Donald Trump, the President of the United States, imposed tariffs on China during his first term to balance U.S.-China trade and bring manufacturing jobs back to the United States, a policy maintained by the Joe Biden administration. Subsequently, Chinese manufacturers sought alternative markets to replace the U.S. market, with some starting production in other countries to avoid tariffs. In addition, during Trump's second term, he increased tariffs on China. This means that Chinese exporters must again find markets to replace the orders they previously received from the U.S., leading to a flood of Chinese goods worldwide and already impacting jobs in developing countries like Indonesia.

People are leaving a shoe factory in an industrial complex in Tangerang, Indonesia. / Courtesy of Reuters

According to the Indonesian Textile and Yarn Producers Association, about 250,000 jobs in Indonesia's textile and clothing industry, the largest economy in Southeast Asia, have disappeared over the past two years. It is estimated that 500,000 jobs will be at risk by 2025. Within a few years, 25% of jobs in the textile and clothing industry have vanished, a rate faster than the 'China shock' that took away 2.4 million U.S. jobs from 1999 to 2011. Gordon Hanson, a professor of urban policy at Harvard Kennedy School, noted on the 26th (local time) to Bloomberg, "This is China shock 2.0 or China shock 3.0. China has immense manufacturing capabilities, and the goods need to go somewhere."

As evidence of this, dozens of textile factories for clothing near Surakarta on Java Island in Indonesia have closed. Hariyanto, who worked at a factory for over 30 years, said to Bloomberg, "It's because of the cheap imports from China." Last year, 1,500 employees at this factory were put on unpaid leave, and the workers are engaged in a legal battle with the company over unpaid wages and severance pay.

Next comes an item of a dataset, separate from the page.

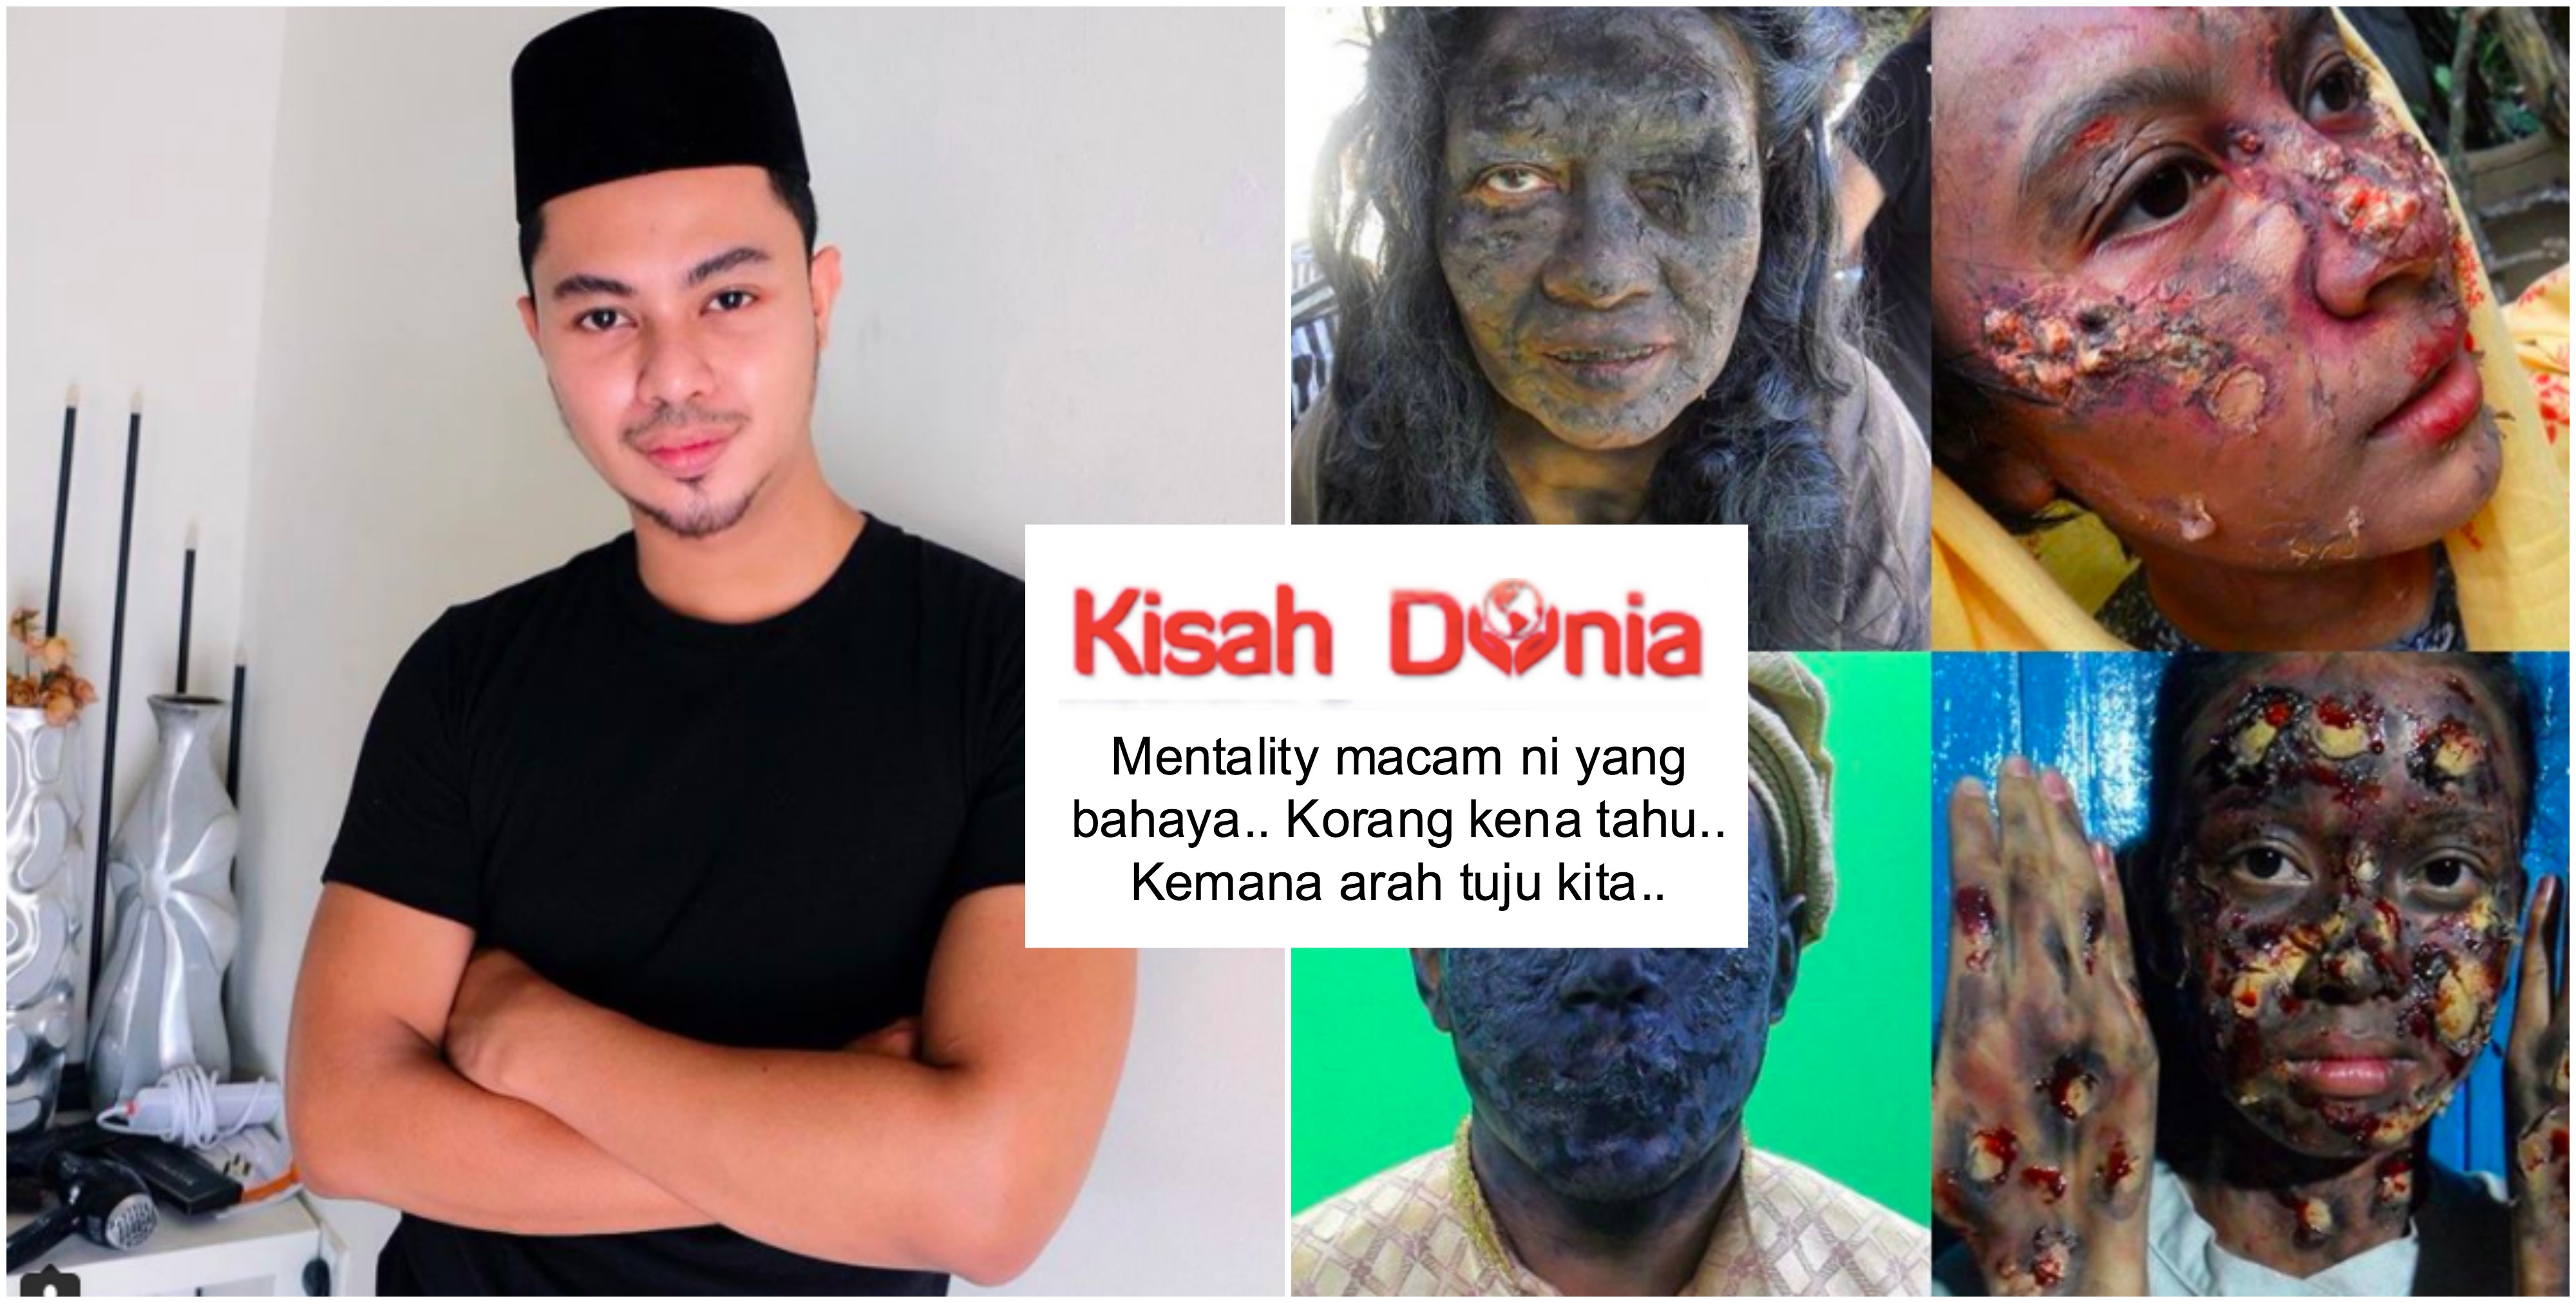 'Ala Nak Jadi Makeup Artis, Tak Payah Belajar Tinggi' - Makeup Artis Terkenal Kongsi Pengalaman Awal Cebur Bidang Solekan 7

According to a survey by Bloomberg Economics, China's share of U.S. imports has significantly decreased since Trump's first term, while its global export share has remained nearly the same. Emerging countries have greatly increased their purchases of Chinese products since 2017, leading to record trade surpluses in manufactured goods. Much of this includes finished goods like mobile phones, clothing, and home appliances from China. However, there has also been a sharp increase in imports of parts and materials used by factories that produce goods for export to the U.S. Bloomberg interprets this as "evidence that the tariffs imposed by Trump triggered changes in global supply chains."

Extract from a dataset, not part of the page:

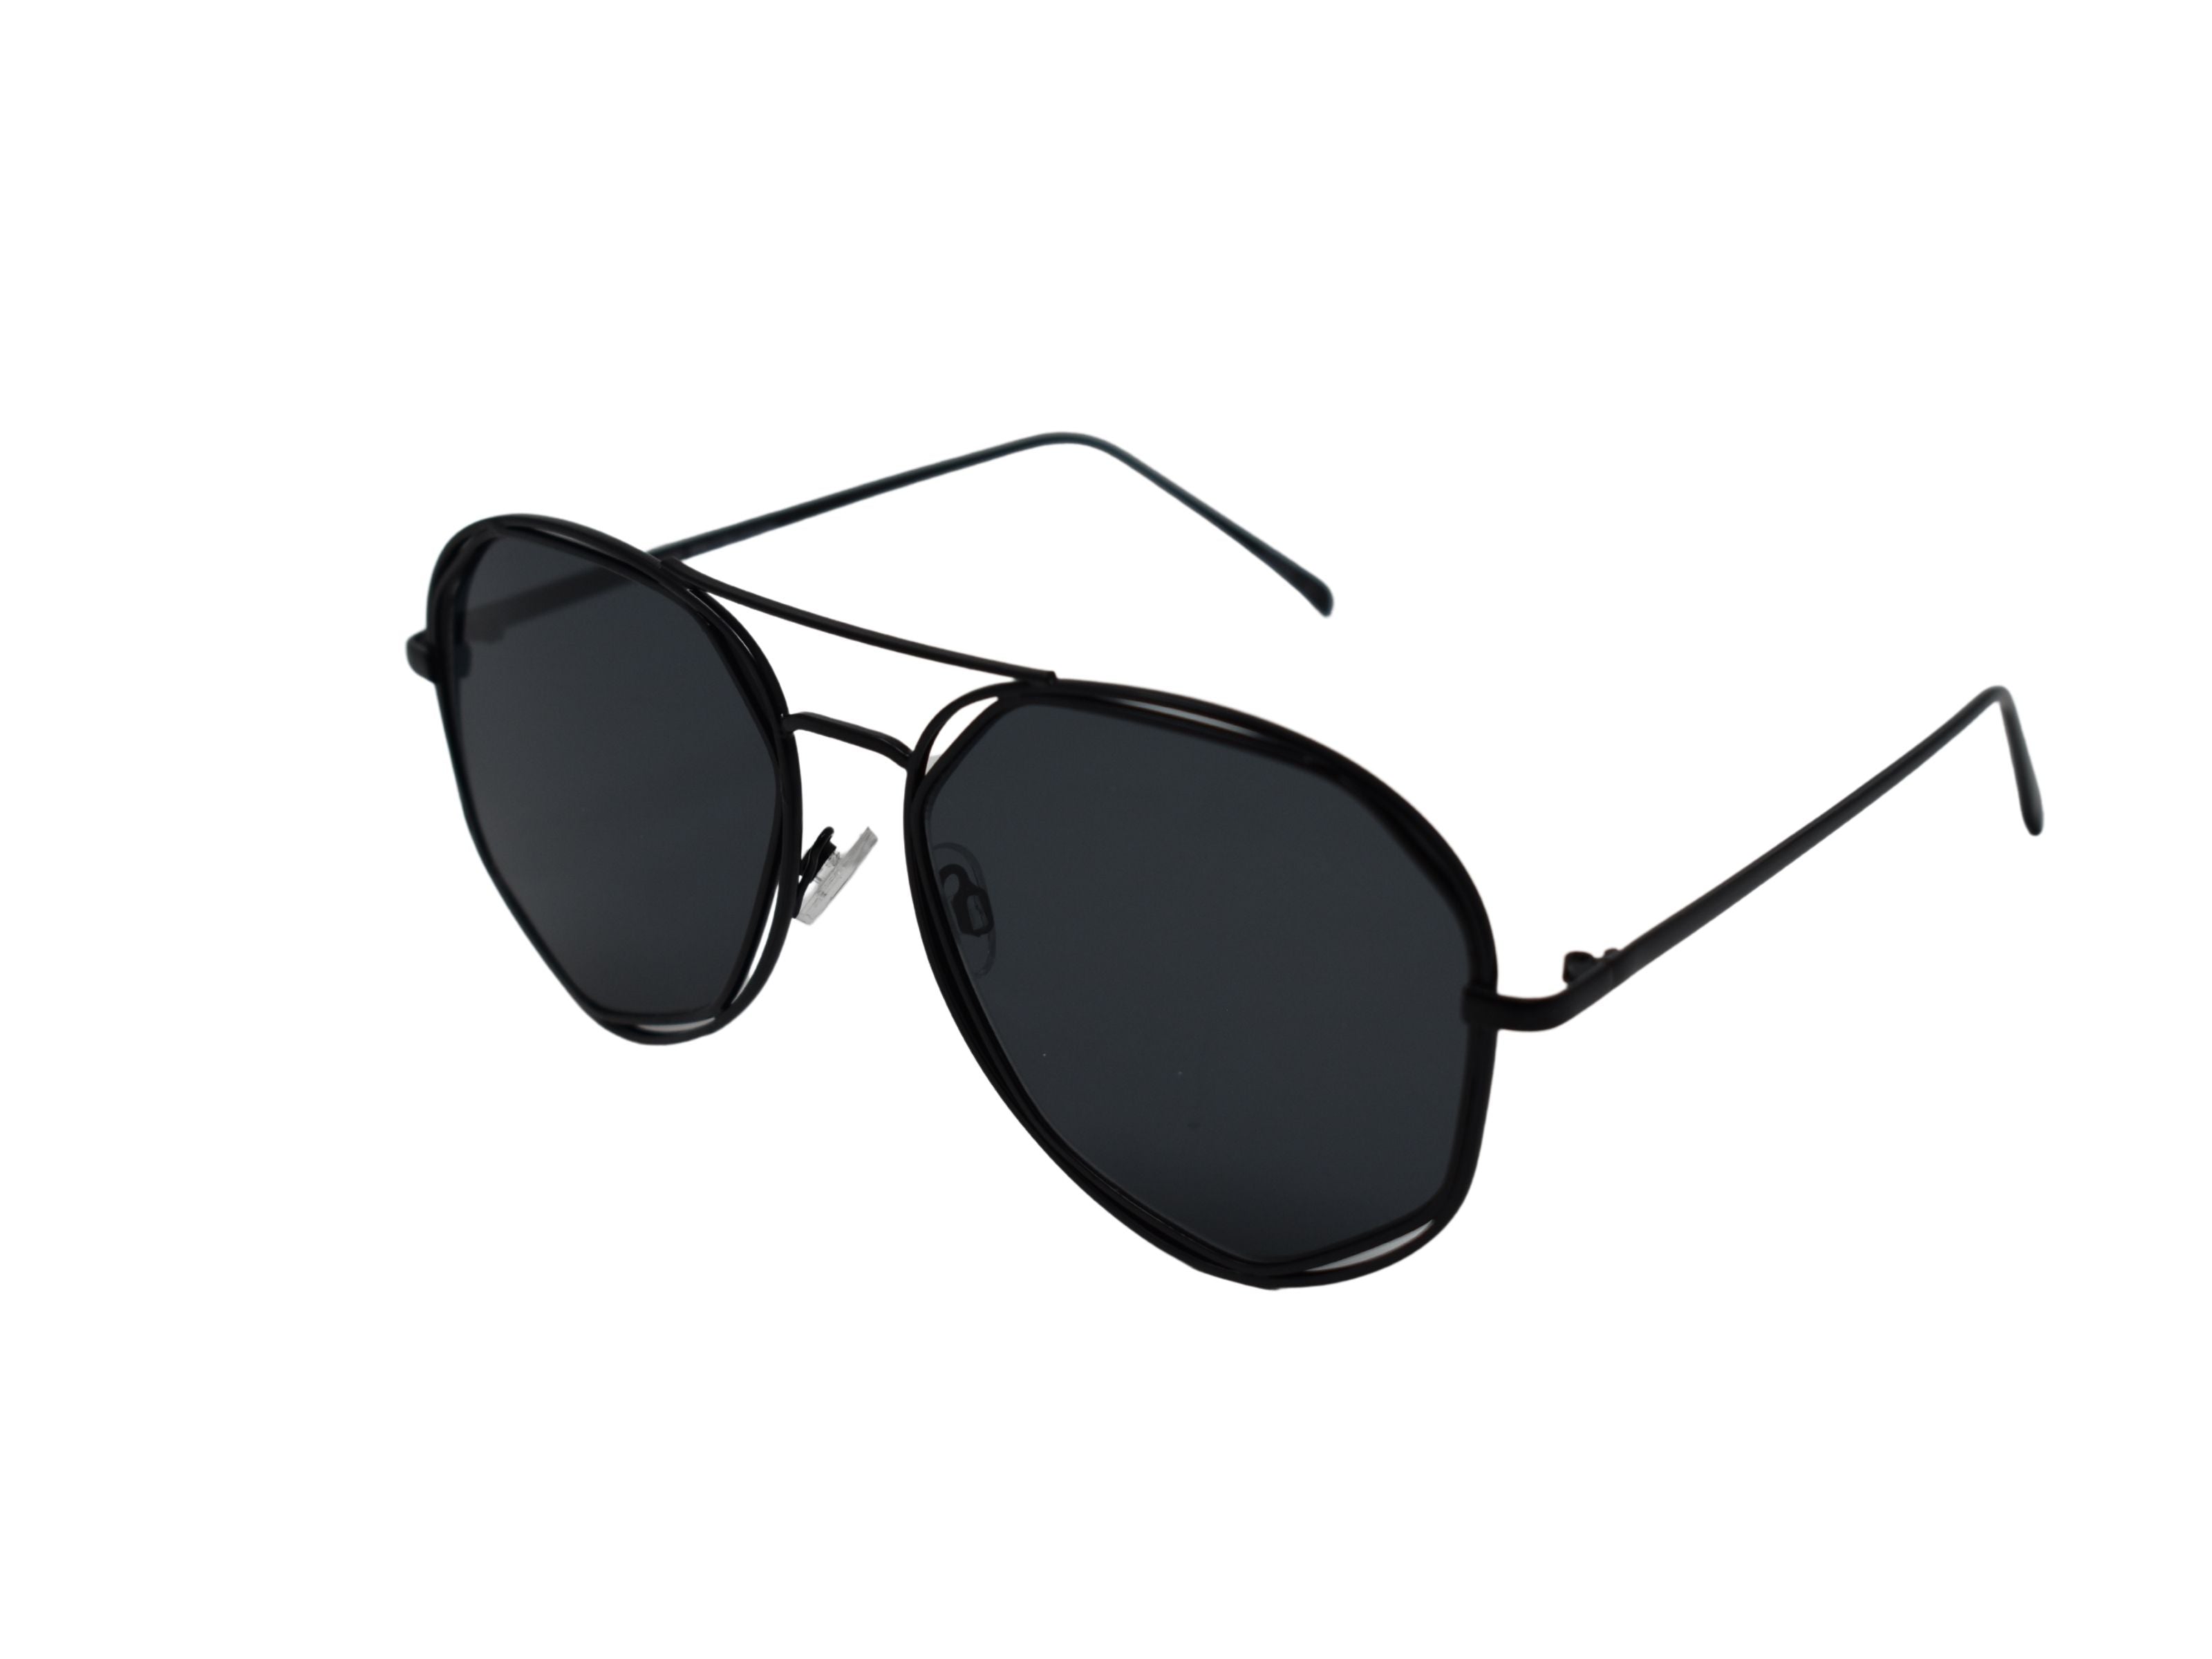 Dare to be bold in our Bergenia Geometric Aviator style Sunglasses.

Governments around the world have begun to devise response measures. Thailand introduced a plan to address the surge in Chinese goods, including electronics and clothing. Last year, Thailand imposed a 7% value-added tax on imports under $50 to mitigate the influence of the Chinese e-commerce firm Temu. Malaysia charged a 10% sales tax on low-priced products purchased online last year. India implemented various measures, including anti-dumping investigations on solar cells, aluminum, and mobile phone parts from China. The Vietnamese government ordered Temu to cease operations in Vietnam last year due to incomplete business and tax registration documents.

However, it is not practically easy for Southeast Asian countries to introduce a policy that completely blocks imports from China. China is the largest trading partner for these countries and invests in power plants, high-speed railways, and other infrastructure projects. Reflecting this, Southeast Asia is adopting policies that provide subsidies to producers struggling with problems related to Chinese imports instead of erecting trade barriers. For example, the Indonesian government has been reluctant to criticize China, despite job losses in the clothing sector, as China accounts for 25% of Indonesia's total trade and has helped in the construction of high-speed rail. Deborah Elms, the trade policy director at the Hinrich Foundation, pointed out, "You can't complain about a country that builds your ports selling shoes."